How etioplasts transform into chloroplasts
You can observe that the newly germinated seeds are yellow because plastids develop into pale yellow etioplasts in the dark. Etioplasts enclosed by a double membrane are usually ellipsoidal. They are smaller than chloroplasts and about 3 micrometers long. There is no flattened thylakoid in the stroma. Their endomembrane system folded inward to form crystal-like tubular structures called prolamellar body.
Although lacking in chlorophyll, they are rich in chlorophyll precursors, carotenoids and POR (an enzyme). When etioplasts are exposed to light, the prolamellar body begins to disintegrate. Chlorophyll precursors are made into chlorophyll via POR. Vesicles increase in number and merge into flattened thylakoids. This is a very rapid process. Photosystem I is assembled within 15 minutes. Photosystem II starts to work in about 2 hours. Proteins such as electron transport chain and ATP synthase are also assembled within 2 to 3 hours. Most of these proteins are encoded by cell nucleus and enter the stroma via transmembrane proteins in chloroplast. If the plant is placed in a dark environment, chloroplast will degrade to etioplasts.

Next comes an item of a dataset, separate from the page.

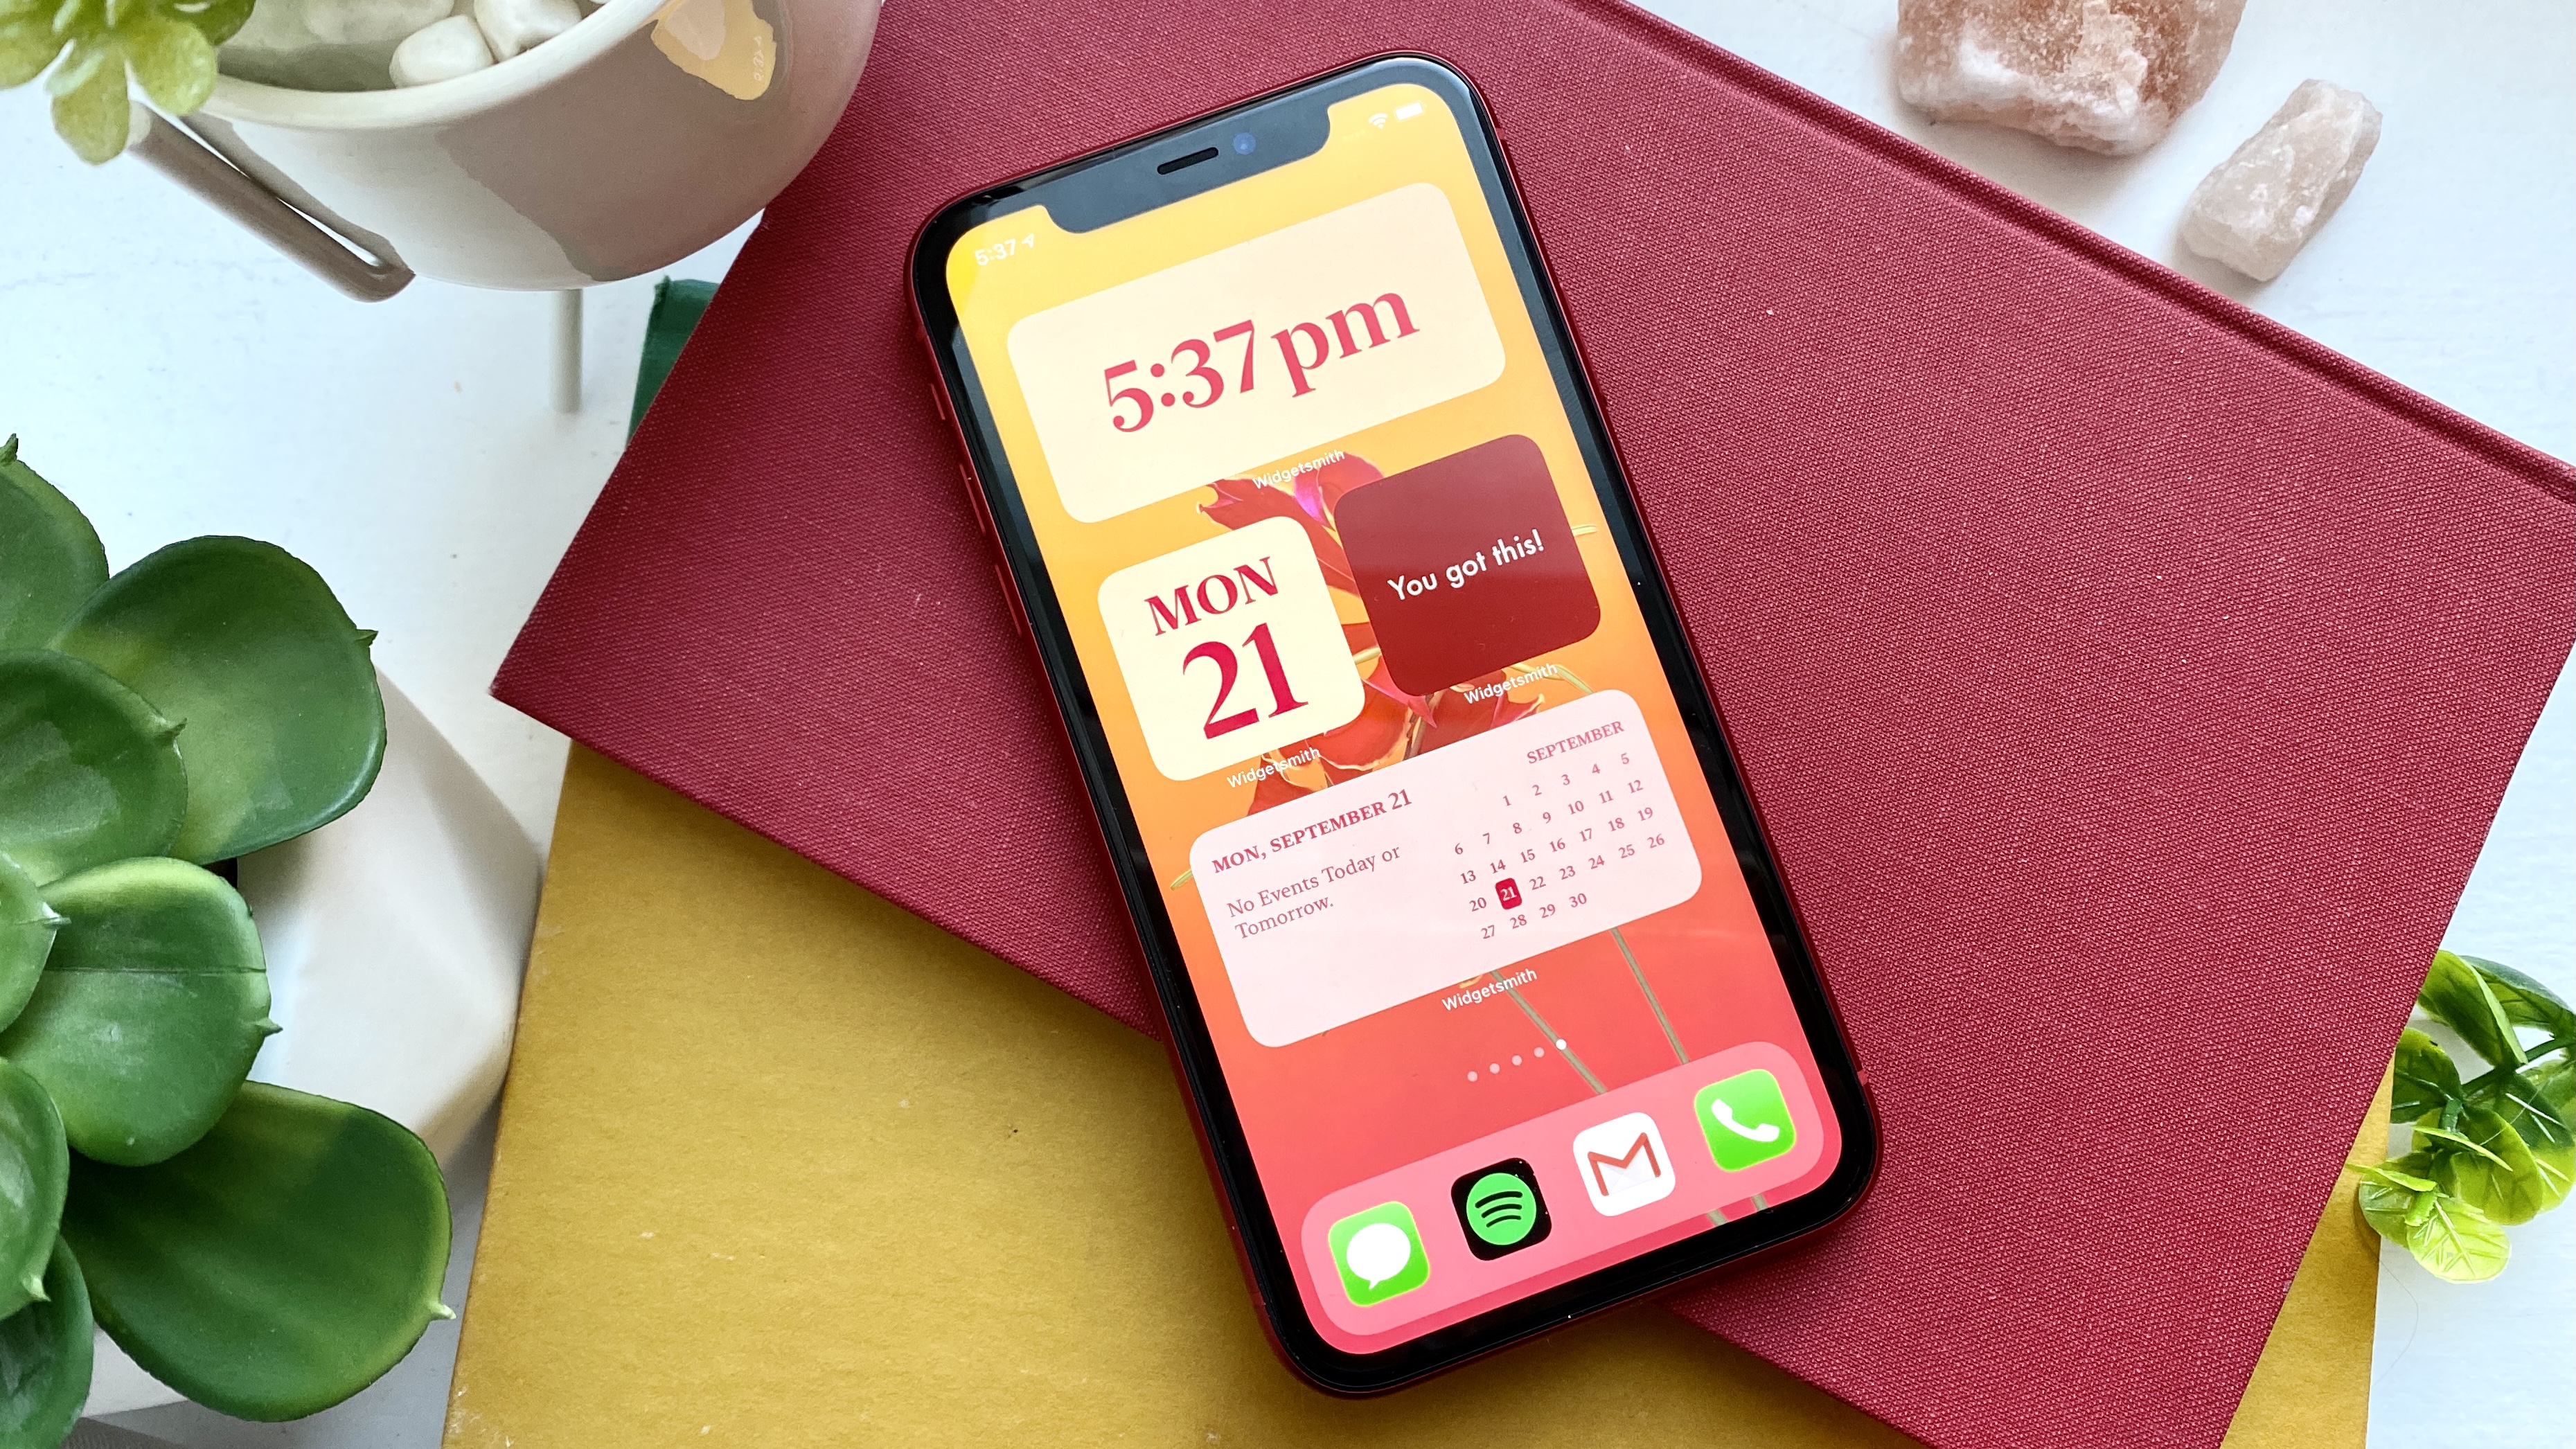 How To Make Custom Iphone Widgets And App Icons With Ios 14 Tom S Guide

Functions and morphology of chloroplasts
Etioplasts are considered intermediate in the dim condition. If they are exposed to sunlight, chloroplasts are derived from proplastids directly. This process is similar to the differentiation of etioplasts and has already been discussed in the previous paragraph. Chloroplasts make glucose from light energy, carbon dioxide and water, and release oxygen. Glucose is made into sucrose and transported to other tissues, or it is synthesized into starch that is stored in chloroplasts temporarily. Starch is broken down at night to provide energy and materials for life activities. In addition to carbohydrates, amino acids, and fatty acids are also produced here.
Some algae have one or several large chloroplasts whose shapes are like cups, bands, spirals, etc. The mature chloroplasts in higher plants are small ellipsoids. They are pushed against the cell wall by turgid central vacuole, and covers the cell as a single layer. Their size is about 5-10 micrometers. Each mesophyll cell generally contains 20 to 200 chloroplasts. It is estimated that there are astonishingly 500,000 ones per square millimeter in a leaf. This greatly increases the area for photosynthesis. Chloroplasts change their distribution according to light intensity. Weak light prompts them to distribute at the top of mesophyll cells to receive more sunlight. When the light is too strong, they are located in the side to avoid excessive energy input.
Even in the same plant, chloroplasts differ in different tissues
Although both stems and leaves contain chloroplasts, their size, abundance, and thylakoid vary greatly. Each chloroplast can independently complete photosynthesis in C3 plant mesophyll cells. Palisade tissue in leaf upper surface is the main site of photosynthesis. In each palisade mesophyll cell, chloroplasts have hundreds or thousands of thylakoids that are often stacked into dozens of grana for larger area. The spongy tissue located on leaf lower surface is mainly responsible for gas exchange and transpiration. They can only utilize the residual sunlight filtered by the upper cells, so there are fewer chloroplasts and thylakoids. Although the mesophyll cells in here can also complete photosynthesis independently, their efficiency is lower than palisade tissue. Chloroplasts in other cells are even fewer and their development is inhibited. They can’t complete light reaction, but they are still the center of organic synthesis.
C4 plant cells can only perform certain steps of photosynthesis. Mesophyll cells have highly developed thylakoids for light-dependent reaction, but its stroma is mainly involved in fixing carbon dioxide into malic acid. The degenerated thylakoids in bundle sheath cells are not adept at absorbing light energy, so the main biochemical reaction is the release of carbon dioxide from malic acid and the Calvin cycle (C3 cycle). Division of labor and cooperation is an evolutionary strategy of C4 plants for arid and high-temperature environments. The C4 pathway utilizes water and carbon dioxide more efficiently, and the loss of energy and carbon is decreased in photorespiration, but the cost is that extra energy is required to transport and convert carbon molecules.